[What this task involves]
Filter the records for lines holding the string "Banque".

[Materials provided]

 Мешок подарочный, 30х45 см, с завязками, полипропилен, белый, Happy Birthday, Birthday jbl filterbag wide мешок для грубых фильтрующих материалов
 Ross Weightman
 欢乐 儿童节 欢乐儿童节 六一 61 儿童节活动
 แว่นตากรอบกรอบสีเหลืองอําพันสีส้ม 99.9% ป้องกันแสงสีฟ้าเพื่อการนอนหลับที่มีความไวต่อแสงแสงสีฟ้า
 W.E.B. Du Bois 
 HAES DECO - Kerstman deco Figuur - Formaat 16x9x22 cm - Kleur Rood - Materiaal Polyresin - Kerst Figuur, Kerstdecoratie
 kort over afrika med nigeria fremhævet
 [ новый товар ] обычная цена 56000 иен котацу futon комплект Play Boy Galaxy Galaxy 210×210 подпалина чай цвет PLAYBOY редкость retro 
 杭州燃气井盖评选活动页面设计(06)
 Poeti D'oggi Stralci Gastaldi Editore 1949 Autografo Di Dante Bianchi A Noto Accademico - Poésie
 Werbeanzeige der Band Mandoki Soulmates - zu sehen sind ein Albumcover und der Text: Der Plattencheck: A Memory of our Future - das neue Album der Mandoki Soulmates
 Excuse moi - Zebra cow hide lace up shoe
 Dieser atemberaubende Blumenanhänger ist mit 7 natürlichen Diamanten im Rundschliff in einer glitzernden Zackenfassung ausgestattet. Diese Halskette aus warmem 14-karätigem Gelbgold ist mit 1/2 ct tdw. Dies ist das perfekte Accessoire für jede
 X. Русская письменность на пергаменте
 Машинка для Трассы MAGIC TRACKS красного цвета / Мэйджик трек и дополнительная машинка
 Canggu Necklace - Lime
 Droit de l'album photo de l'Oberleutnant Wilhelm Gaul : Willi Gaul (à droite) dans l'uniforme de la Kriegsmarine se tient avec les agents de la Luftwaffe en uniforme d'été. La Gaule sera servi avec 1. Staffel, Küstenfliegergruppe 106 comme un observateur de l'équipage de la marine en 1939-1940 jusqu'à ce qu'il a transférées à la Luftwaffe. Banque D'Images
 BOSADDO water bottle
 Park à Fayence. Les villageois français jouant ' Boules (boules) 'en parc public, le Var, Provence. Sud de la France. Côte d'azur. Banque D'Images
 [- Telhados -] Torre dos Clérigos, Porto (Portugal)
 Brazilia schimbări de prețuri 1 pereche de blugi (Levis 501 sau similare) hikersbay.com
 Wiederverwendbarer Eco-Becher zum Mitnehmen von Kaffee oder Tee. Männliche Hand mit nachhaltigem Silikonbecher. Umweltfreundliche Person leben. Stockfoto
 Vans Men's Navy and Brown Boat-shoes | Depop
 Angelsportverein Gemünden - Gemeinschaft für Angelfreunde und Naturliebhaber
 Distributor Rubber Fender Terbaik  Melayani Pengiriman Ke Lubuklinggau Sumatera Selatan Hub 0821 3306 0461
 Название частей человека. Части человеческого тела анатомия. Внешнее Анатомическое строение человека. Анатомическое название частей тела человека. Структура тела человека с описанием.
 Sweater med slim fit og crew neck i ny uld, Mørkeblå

[Response area]
 Droit de l'album photo de l'Oberleutnant Wilhelm Gaul : Willi Gaul (à droite) dans l'uniforme de la Kriegsmarine se tient avec les agents de la Luftwaffe en uniforme d'été. La Gaule sera servi avec 1. Staffel, Küstenfliegergruppe 106 comme un observateur de l'équipage de la marine en 1939-1940 jusqu'à ce qu'il a transférées à la Luftwaffe. Banque D'Images
 Park à Fayence. Les villageois français jouant ' Boules (boules) 'en parc public, le Var, Provence. Sud de la France. Côte d'azur. Banque D'Images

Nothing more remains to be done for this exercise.